Africa has been high on foreign policy agendas across the global arena for the last two decades. Japan was a pioneer with the Tokyo International Conference on African Development (TICAD), which it has held every five years since its launch in 1993. India also holds its Africa–India Forum, Singapore has its business summit with Africa, Turkey organizes the Turkey–Africa Cooperation Summit, and almost every emerging power has come up with a similar method to become (or stay) competitive for African hearts, minds, and certainly markets. Even middle-size Central European nation Hungary initiated an event under the name “Budapest Africa Forum,” which may only be a one-time show, but was a worthwhile attempt to draw (more) attention to the potentially competitive advantages of the host country.

The United States has long been lacking this foreign policy tool. The event of course is important, but so is what must come with it: follow-up meetings at the ministerial/departmental level, civil society activities, business fora, partnership building or investment opportunity workshops, and many more. All can finally contribute to a coherent U.S. Africa policy, a strategic unified government approach for long-term future purposes.

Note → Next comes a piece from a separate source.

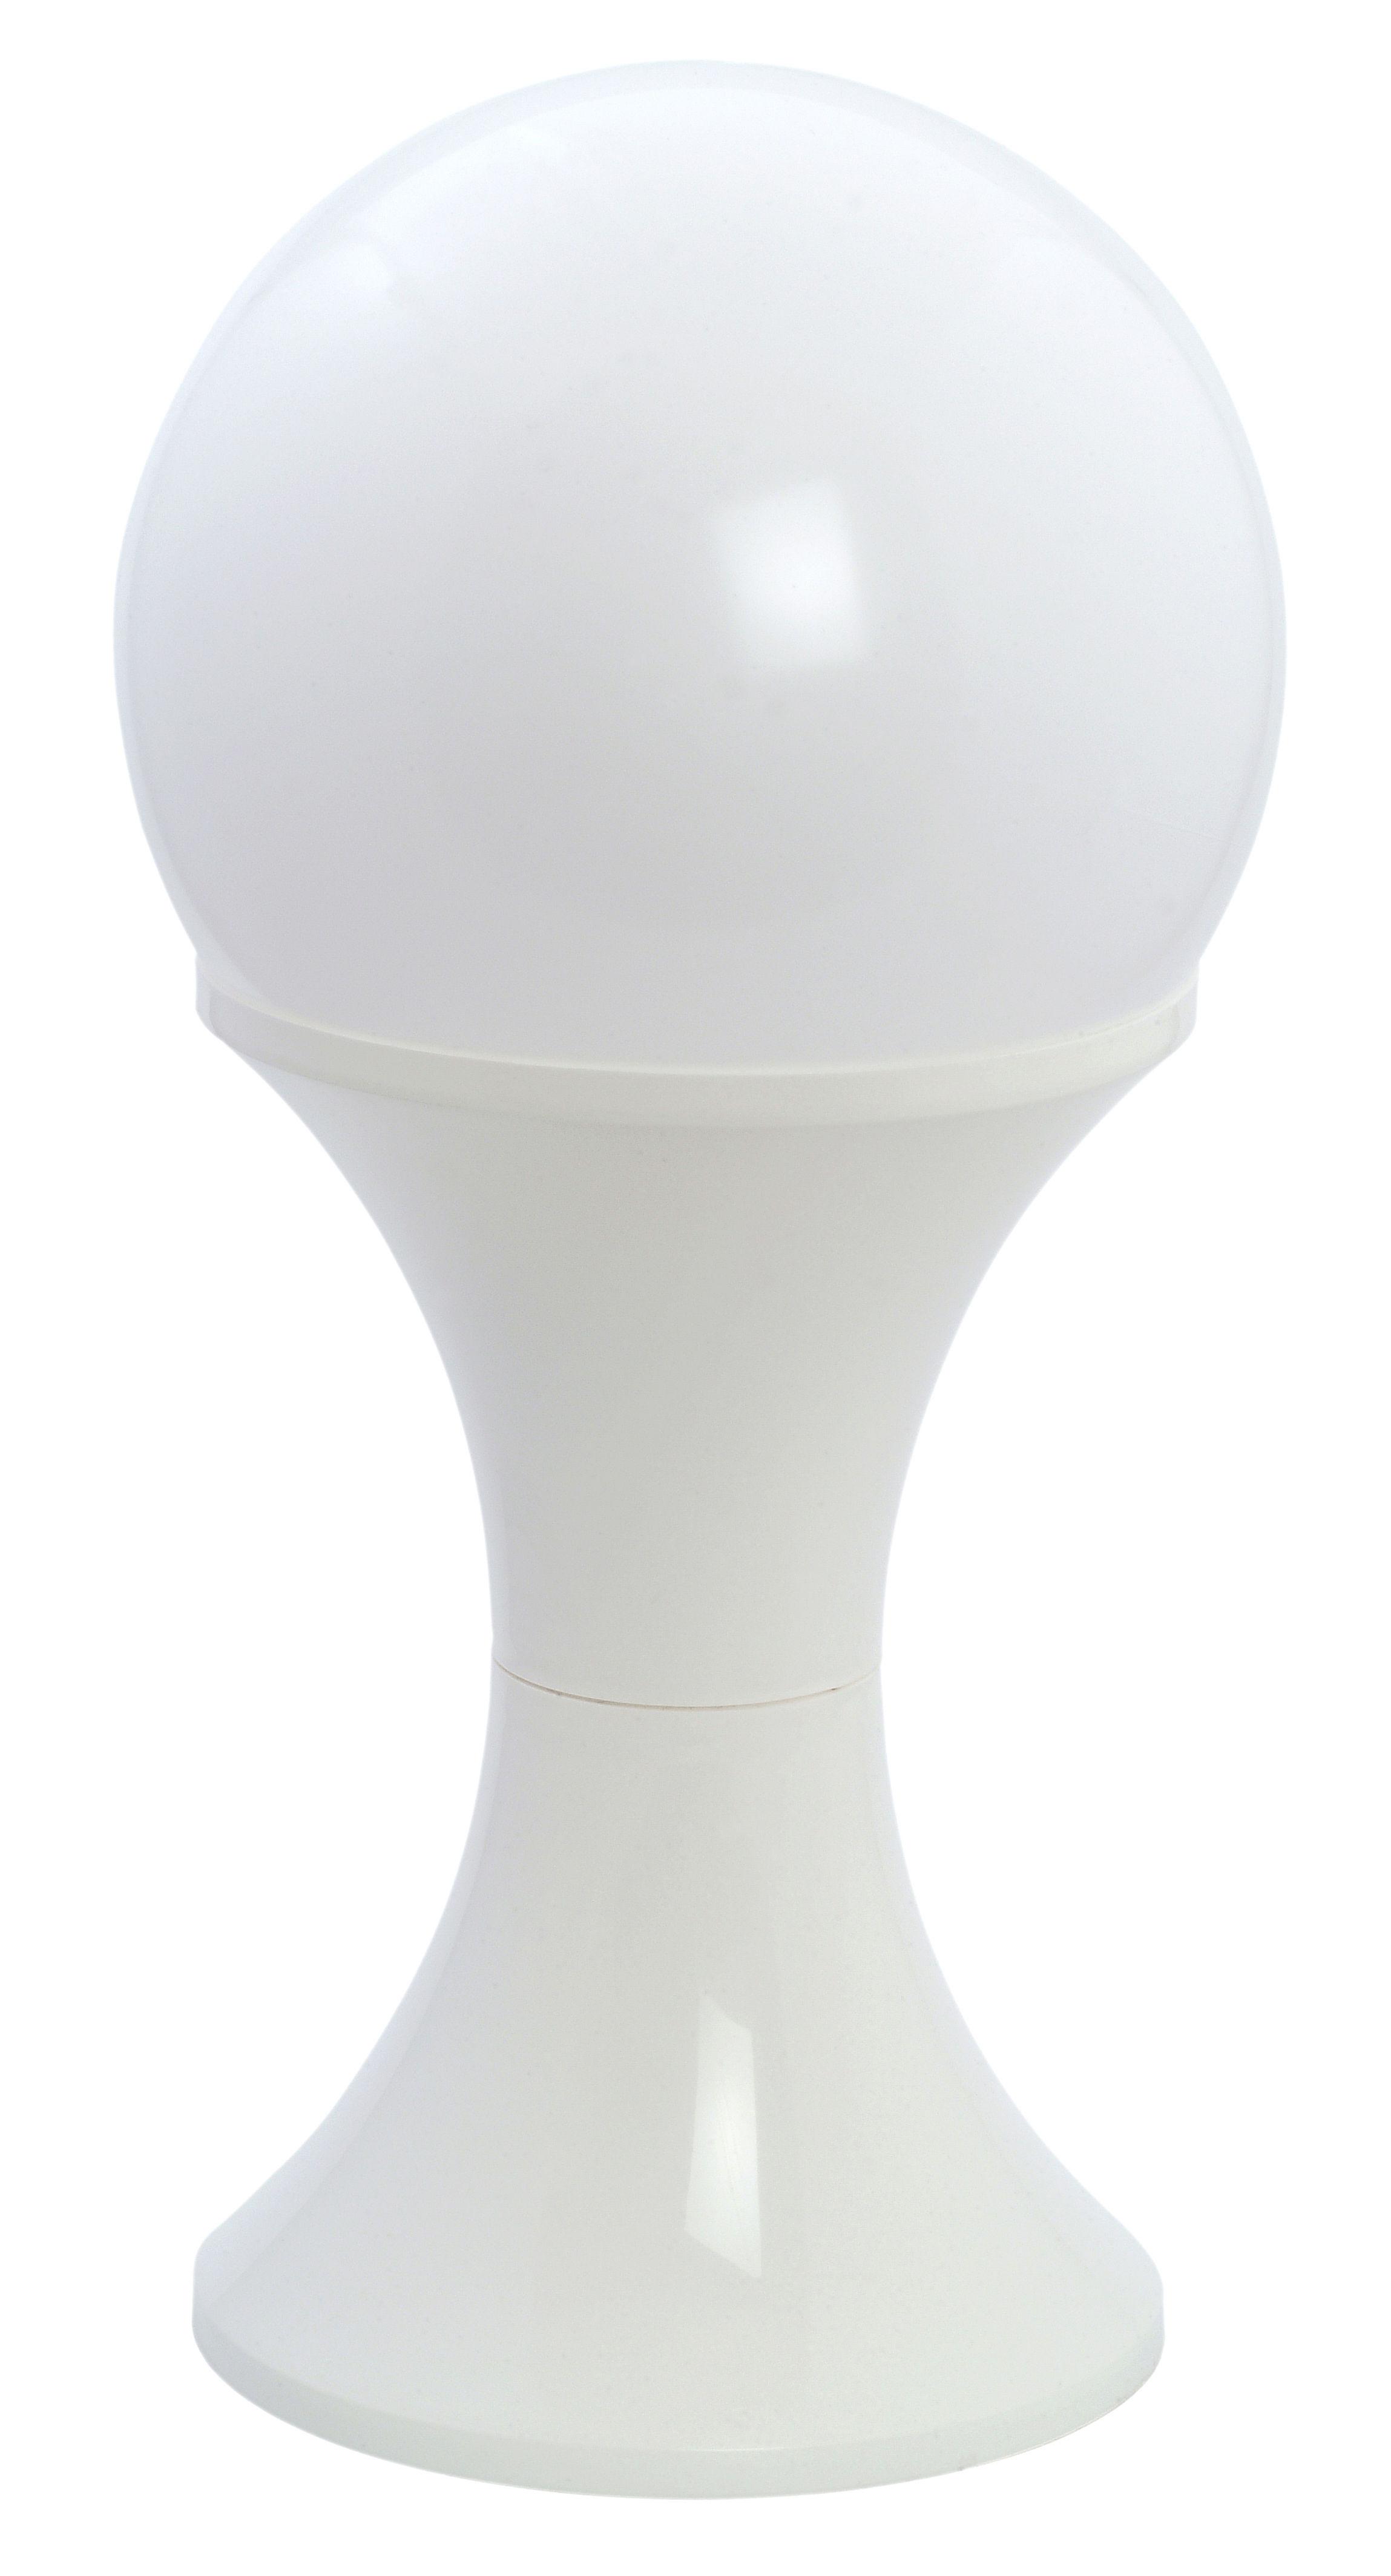 Scopri lampada da pavimento tam tam lampe bianca di branex design made in design italia - Kruk tam tam henry massonnet ...
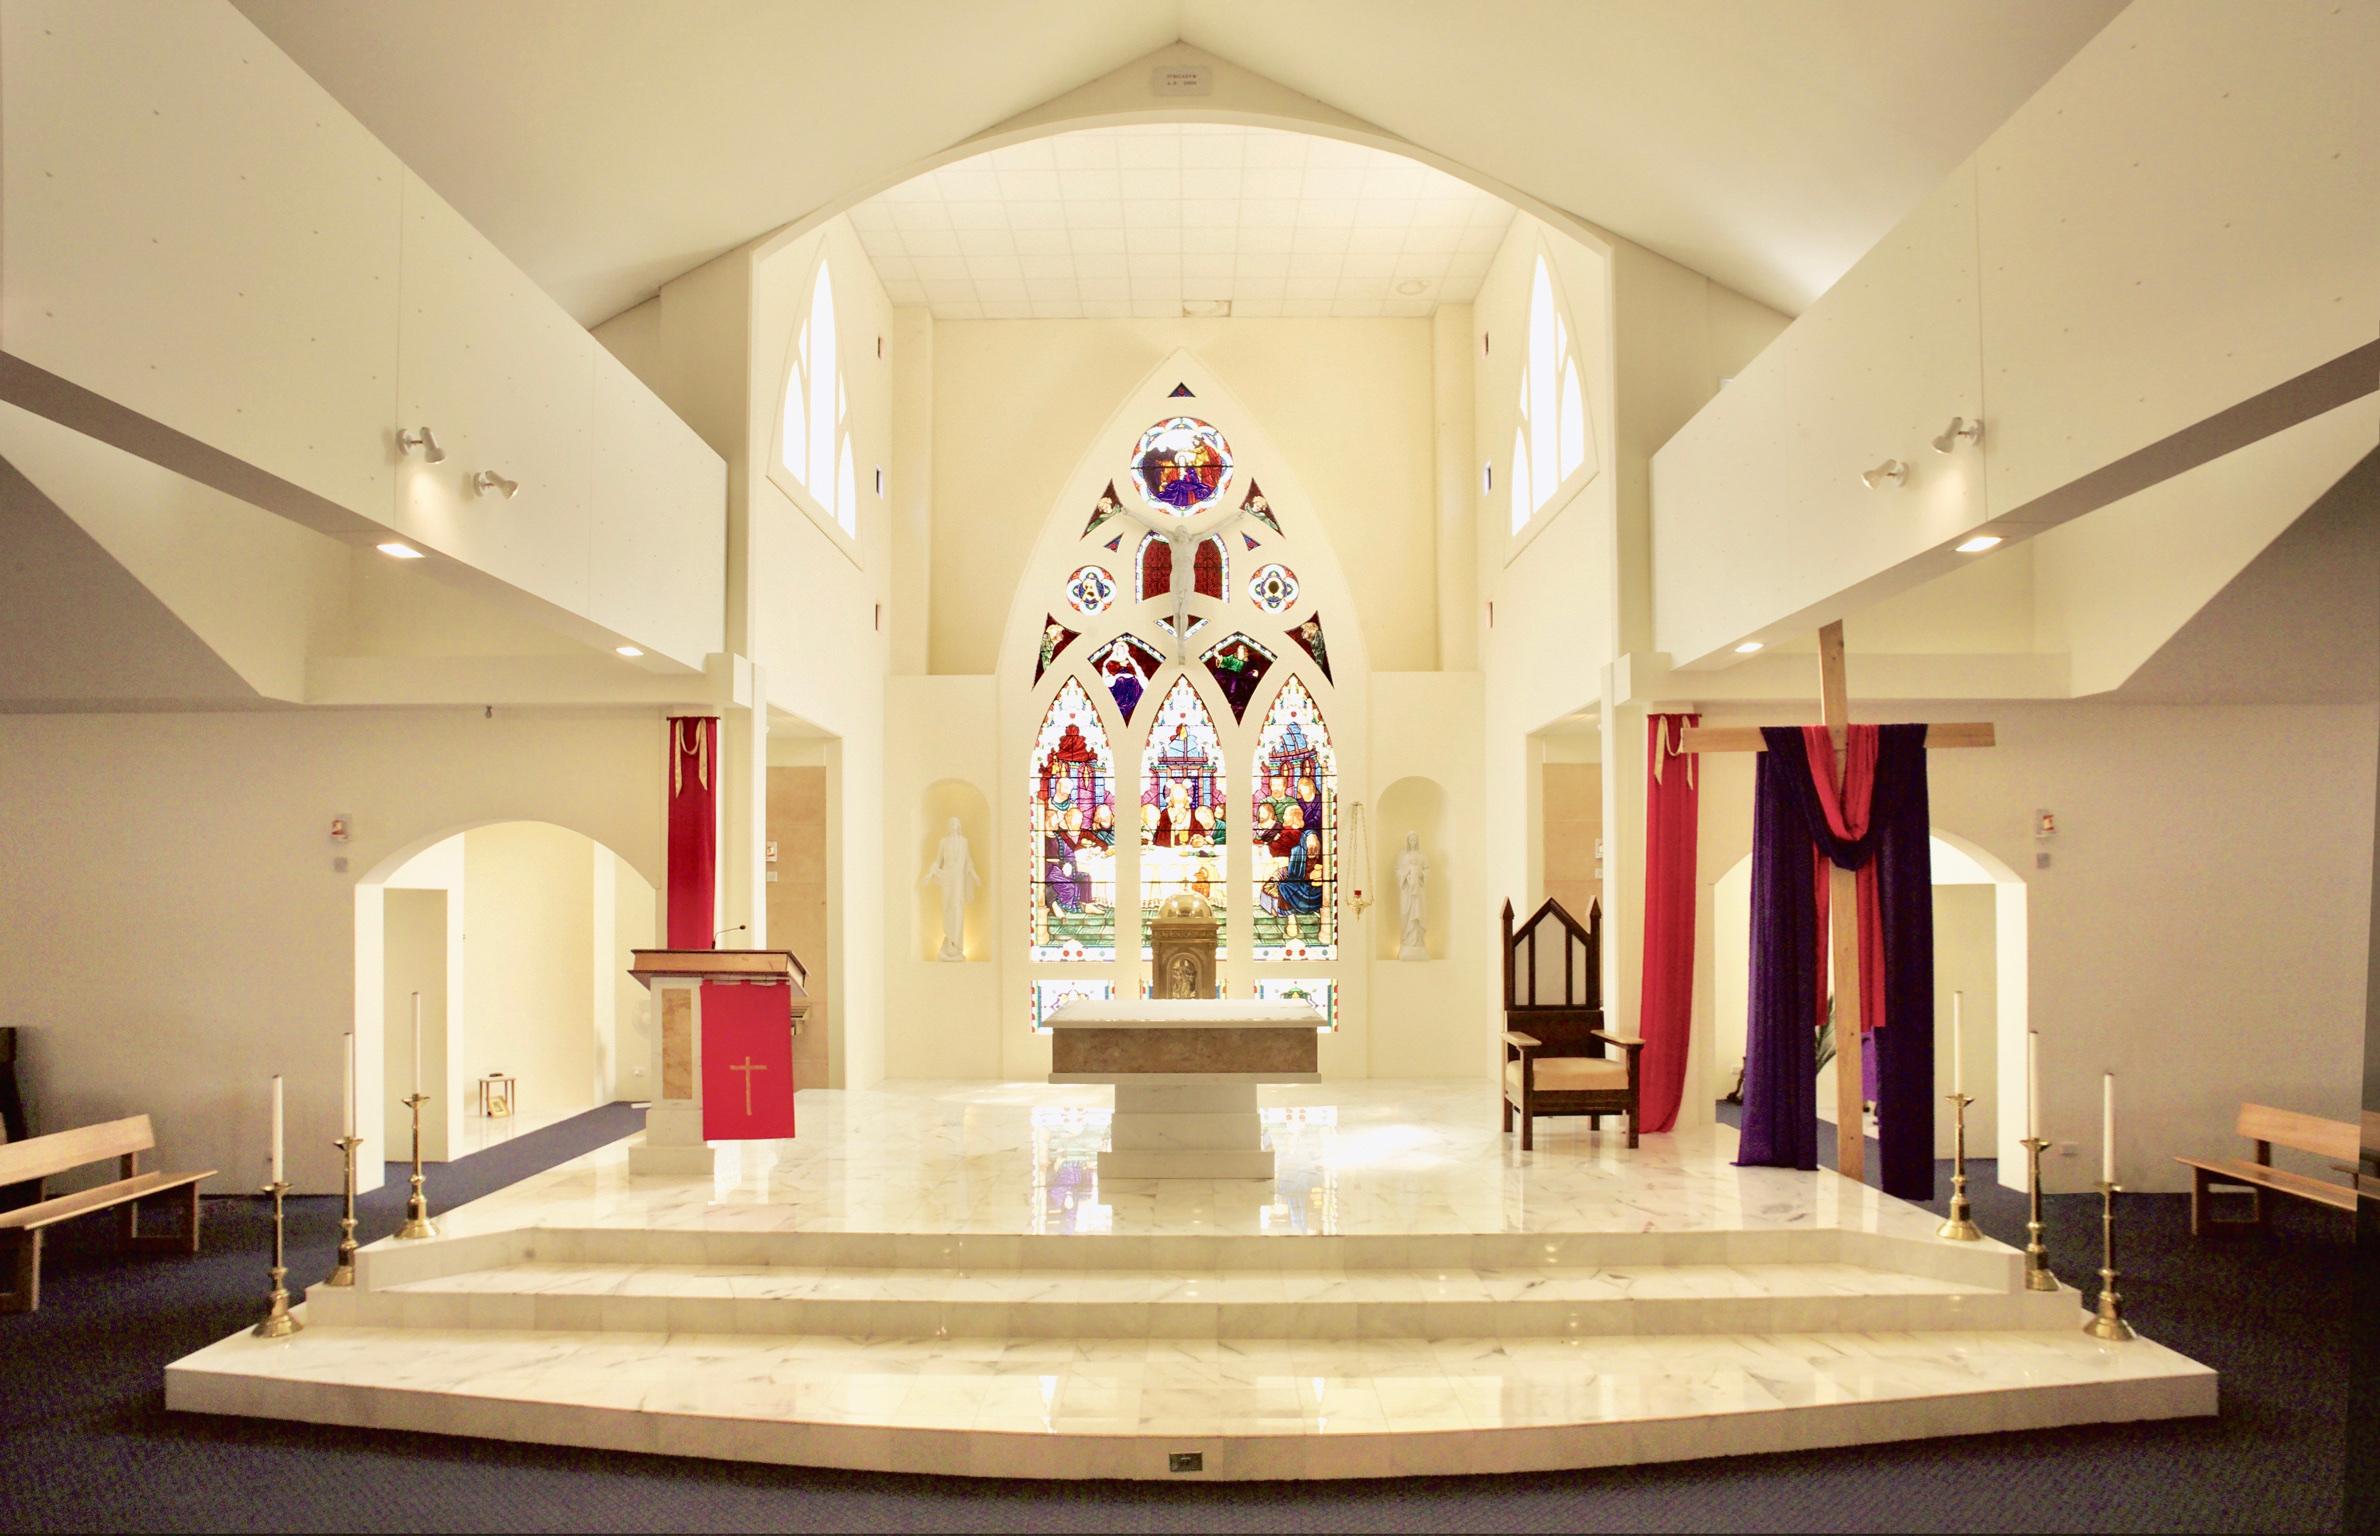 MEDIUM CHURCH INT.jpg

Along with this summit diplomacy, an enhanced American charm offensive can extend the range of expected economic activities. Although China has competitive offers, often as part of complex “packages,” as Raymond W. Copson, author of The United States in Africa suggests, the U.S. “can compete with China in supporting higher education for Africans through scholarships and assistance to African universities. [America] can win friends at the grass roots by fulfilling [its] promise to eliminate trade barriers […], scale up legislative, technical and medical exchanges and support infrastructure projects where there would be direct benefit to Africa’s poor.”

Courting Africa with the recent presidential invitation and strengthening the soft aspect of its strategy could help the U.S. regain momentum in its Africa diplomacy.

Istvan Tarrosy is co-editor of The African State in a Changing Global Context. Breakdowns and Transformations (Berlin, 2010), and is Assistant Professor of Political Science at the University of Pecs, Hungary. He is Fulbright Visiting Research Fellow at the Center for African Studies, University of Florida.